Prelude: Environment Preparation

There are a lot of things that can go wrong with virtual environments, Julia installation, and python linking, so I’ve found the easiest way to get things setup is using a Docker image with VSCode’s dev containers.

A basic Dockerfile that works for us looks like this:

FROM python:3.8

WORKDIR /app

RUN pip install julia jill ipython --no-cache-dir
# julia is pyjulia, our python-julia interface
# jill is a python package for easy Julia installation
# IPython is helpful for magic (both %time and %julia)
# Include these in your requirements.txt if you have that instead

RUN jill install 1.6.2 --confirm

# PyJulia setup (installs PyCall & other necessities)
RUN python -c "import julia; julia.install()"

# Helpful Development Packages
RUN julia -e 'using Pkg; Pkg.add(["Revise", "BenchmarkTools"])'

If you’re using VSCode, you can set up a dev container to use this image as a remote container, which allows you to code inside this environment and save all changes locally. To do this, create a devcontainer/devcontainer.json file at your project root with the following:

// For format details, see https://aka.ms/devcontainer.json.
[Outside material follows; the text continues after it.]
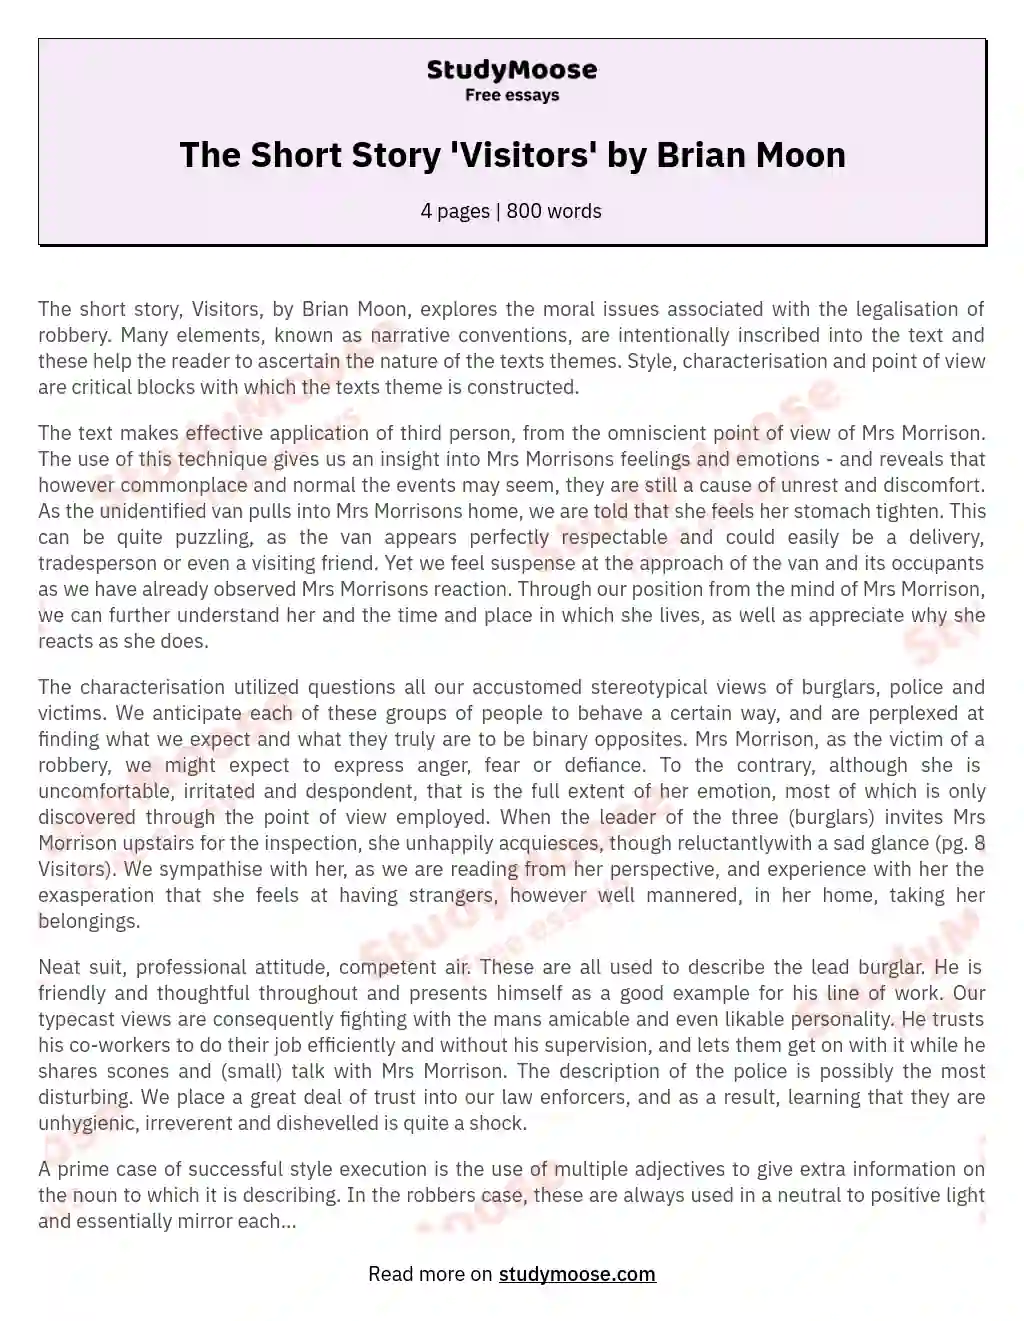 The Short Story 'Visitors' by Brian Moon essay

For config options, see the README at:
// https://github.com/microsoft/vscode-dev-containers/tree/v0.187.0/containers/python-3
{
	"name": "PyJulia Env",
	"build": {
		"dockerfile": "../Dockerfile",
		"context": "../.",
	},
	// Set *default* container specific settings.json values on container create.
	"settings": {
		"python.pythonPath": "/usr/local/bin/python",
		"python.languageServer": "Pylance",
		"python.linting.enabled": true,
		"python.linting.pylintEnabled": true,
	},
	// Add the IDs of extensions you want installed when the container is created.
	"extensions": [
		"ms-python.python",
		"ms-python.vscode-pylance",
		"julialang.language-julia"
	],
	// We will use this later, leave commented out for now.
	// "postStartCommand": "julia -e 'import Pkg; Pkg.develop(path=\"MyPackage\")'",
}

The rest of this tutorial assumes you are working in a dev container with the Dockerfile and .devcontainer setup above. Alternatively, if you’re able to get Julia and Python working with whatever setup you have, congrats!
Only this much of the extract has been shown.